For a series that features “three murders including a slashed throat within the first four minutes”, Netflix’s “Black Doves” is surprisingly jolly, said Carol Midgley in The Times. A comic spy series, it stars Keira Knightley as Helen Webb, “a seemingly perfect, fragrant political wife” who is actually a spy, passing the secrets she learns from her defence secretary husband (Andrew Buchan) to the shadowy espionage company she works for, which then sells them to the highest bidder.
The “starry cast” also includes Sarah Lancashire as the company’s spymaster, and Ben Whishaw as a hired killer. Is it any good? “Well, if you fancy something that feels like a mating experiment between ‘Gangs of London’ (for the body count and violence), ‘Love Actually’ (for the glossy Christmassy backdrop and festive songs) with a dash of ‘Slow Horses’ (for the dry wit and espionage)”, then you will probably be entertained – and it certainly looks very nice.
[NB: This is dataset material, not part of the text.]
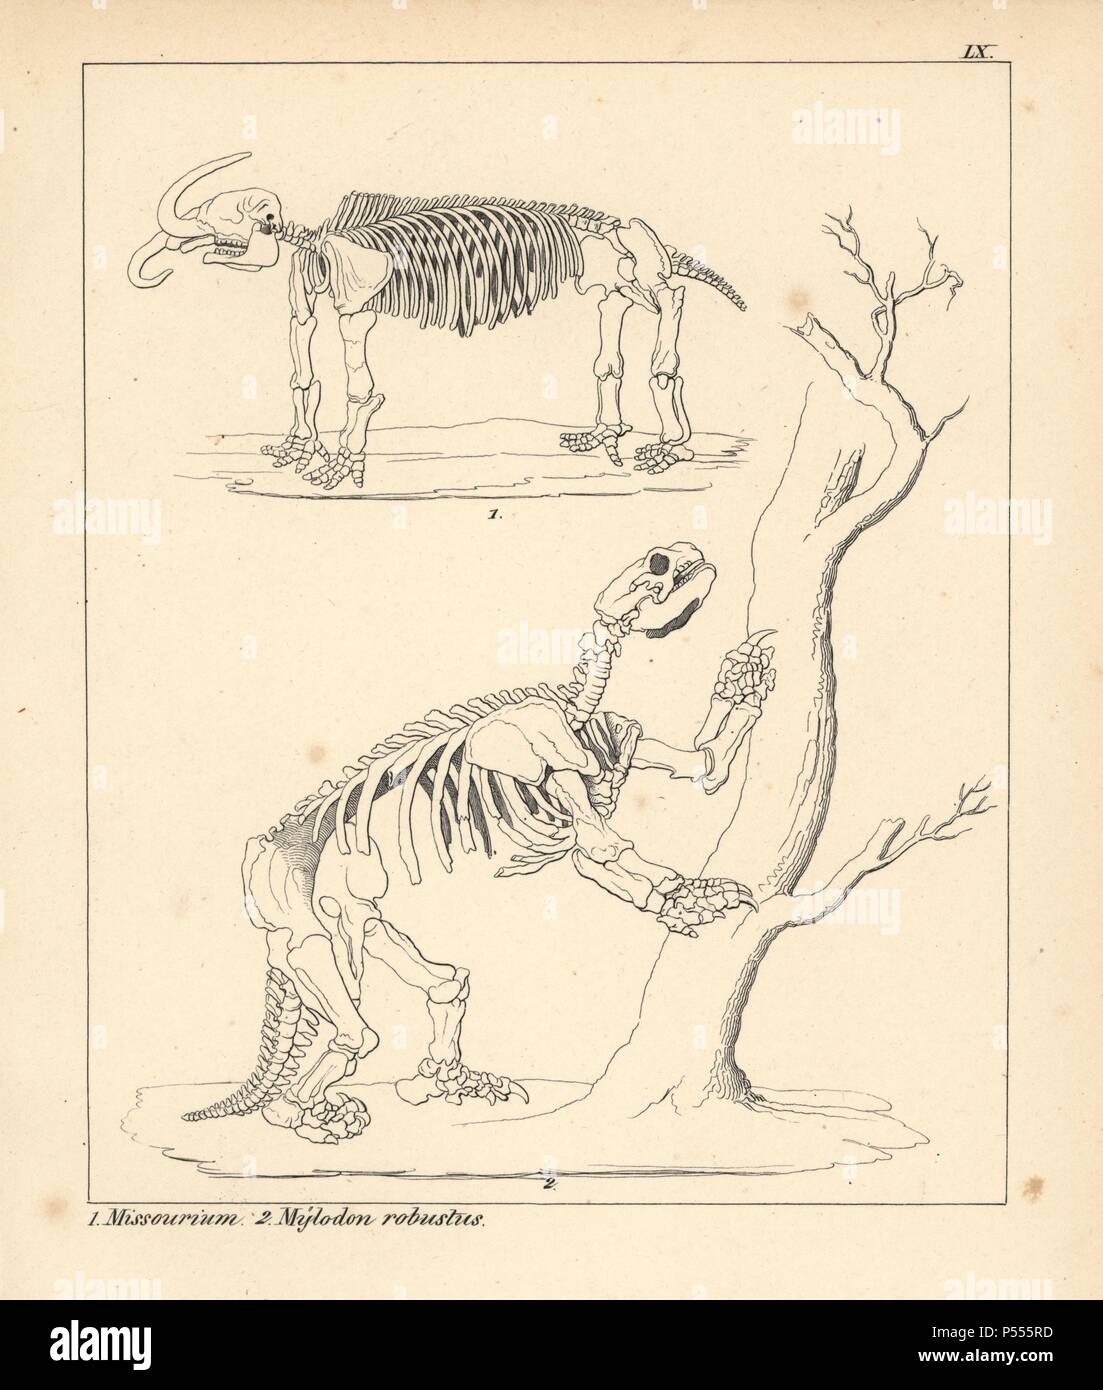 Skeleton of the American mastodon, Mammut americanum, Missourium, and extinct giant ground sloth, Mylodon robustus. Lithograph by an unknown artist from Dr. F.A. Schmidt's "Petrefactenbuch," published in Stuttgart, Germany, 1855 by Verlag von Krais & Hoffmann. Dr. Schmidt's "Book of Petrification" introduced fossils and palaeontology to both the specialist and general reader. Stock Photo

With its serious cast and sombre trailers, I’d expected this to be a “straight-faced thriller”, said Rebecca Nicholson in The Guardian. In fact, it delivers “pulpy popcorn TV”, and is the kind of show “that it’s best not to overthink”, because it is deliberately “daft and overblown”. By episode three, “its gleeful excess had won me over”.
It’s pretty uneven, said Chris Bennion in The Daily Telegraph, but it “is a crash-bang helter-skelter ride that improves across every one of its six episodes”, and overall it has “enough moments of high entertainment to get you through the kinks”.